◆ Supplied data
# # # #
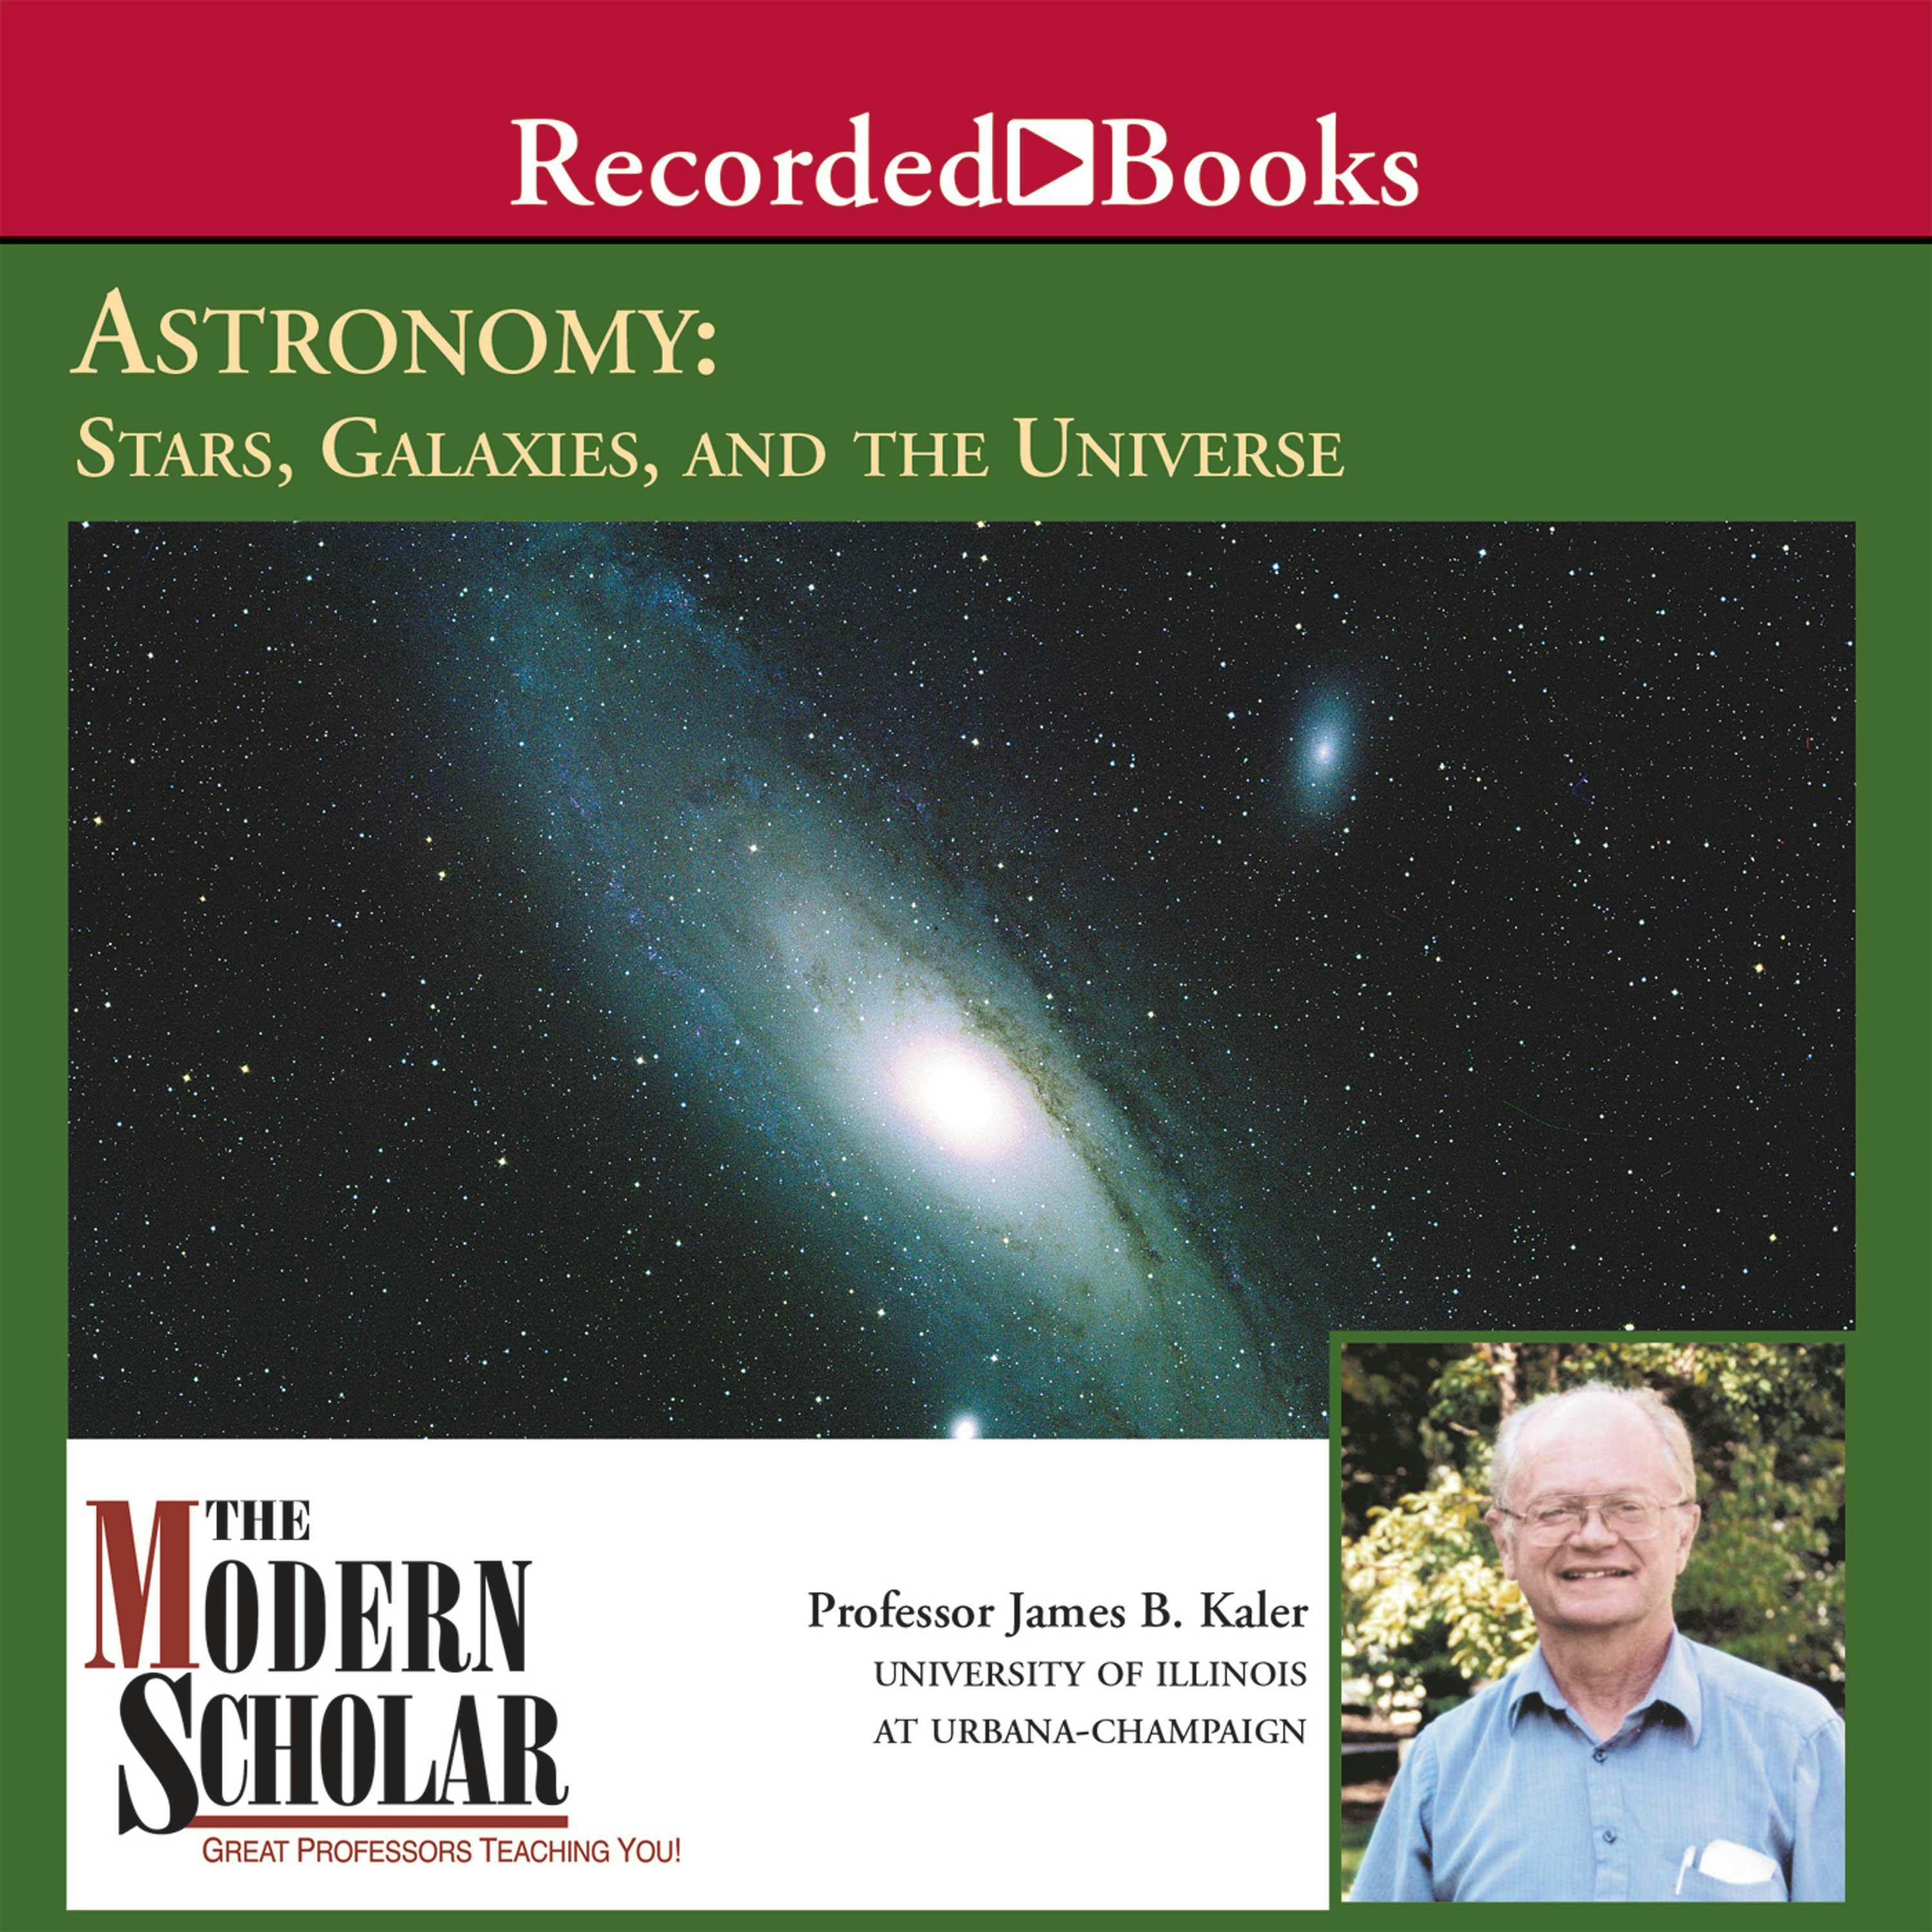 Astronomy II: Stars, Galaxies, and the Universe - undefined
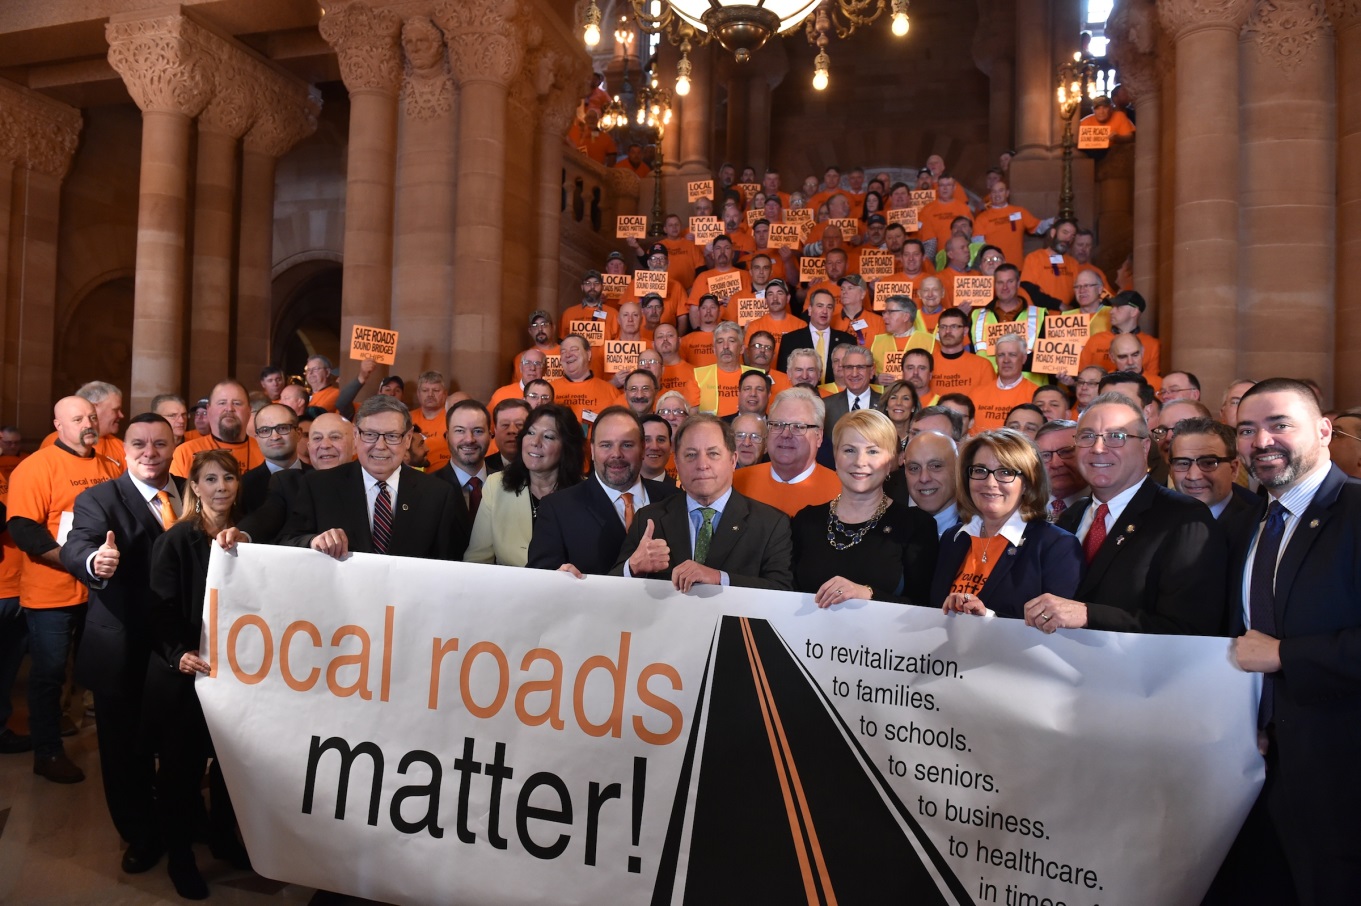 Assemblywoman Mary Beth Walsh (R,C,I-Ballston) pictured at CHIPS rally with members of the Assembly Minority Conference on March 4, 2020 in Albany.
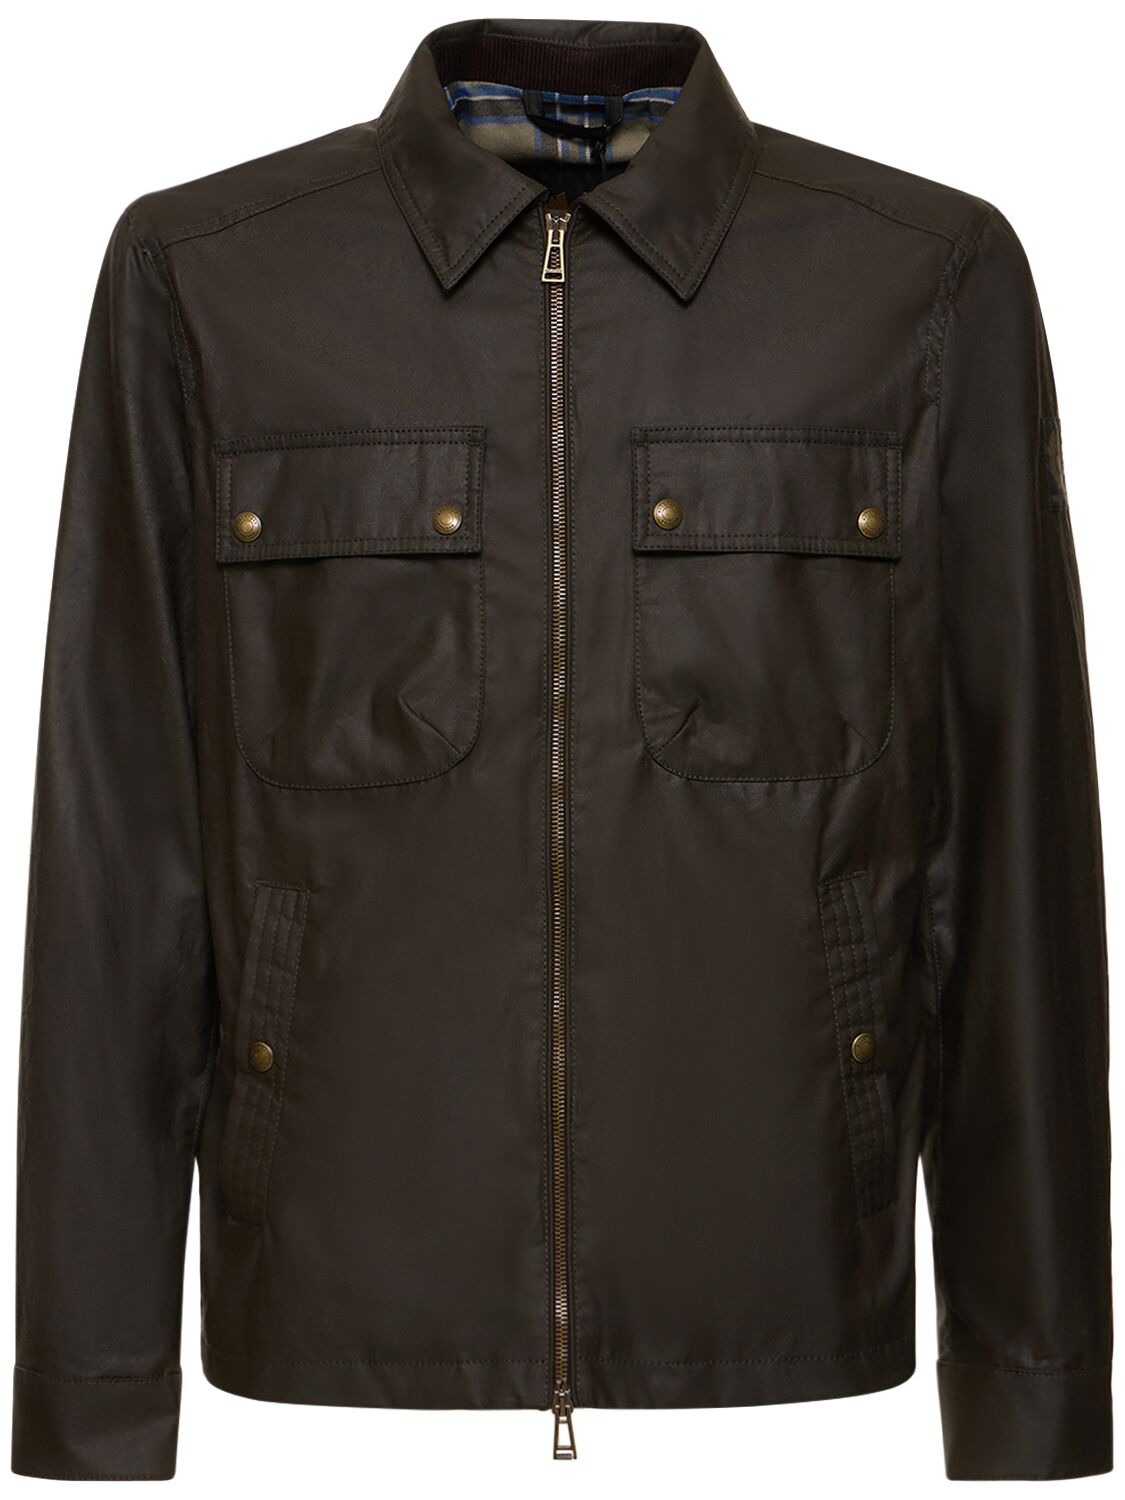 Belstaff Tour Waxed Cotton Overshirt Jacket In Olive Green
# # # #
◆ Exercise
All the lines above need to be repeated exactly, with no pictures carried over.

◆ Reply to the task
 Astronomy II: Stars, Galaxies, and the Universe - undefined
 Assemblywoman Mary Beth Walsh (R,C,I-Ballston) pictured at CHIPS rally with members of the Assembly Minority Conference on March 4, 2020 in Albany.
 Belstaff Tour Waxed Cotton Overshirt Jacket In Olive Green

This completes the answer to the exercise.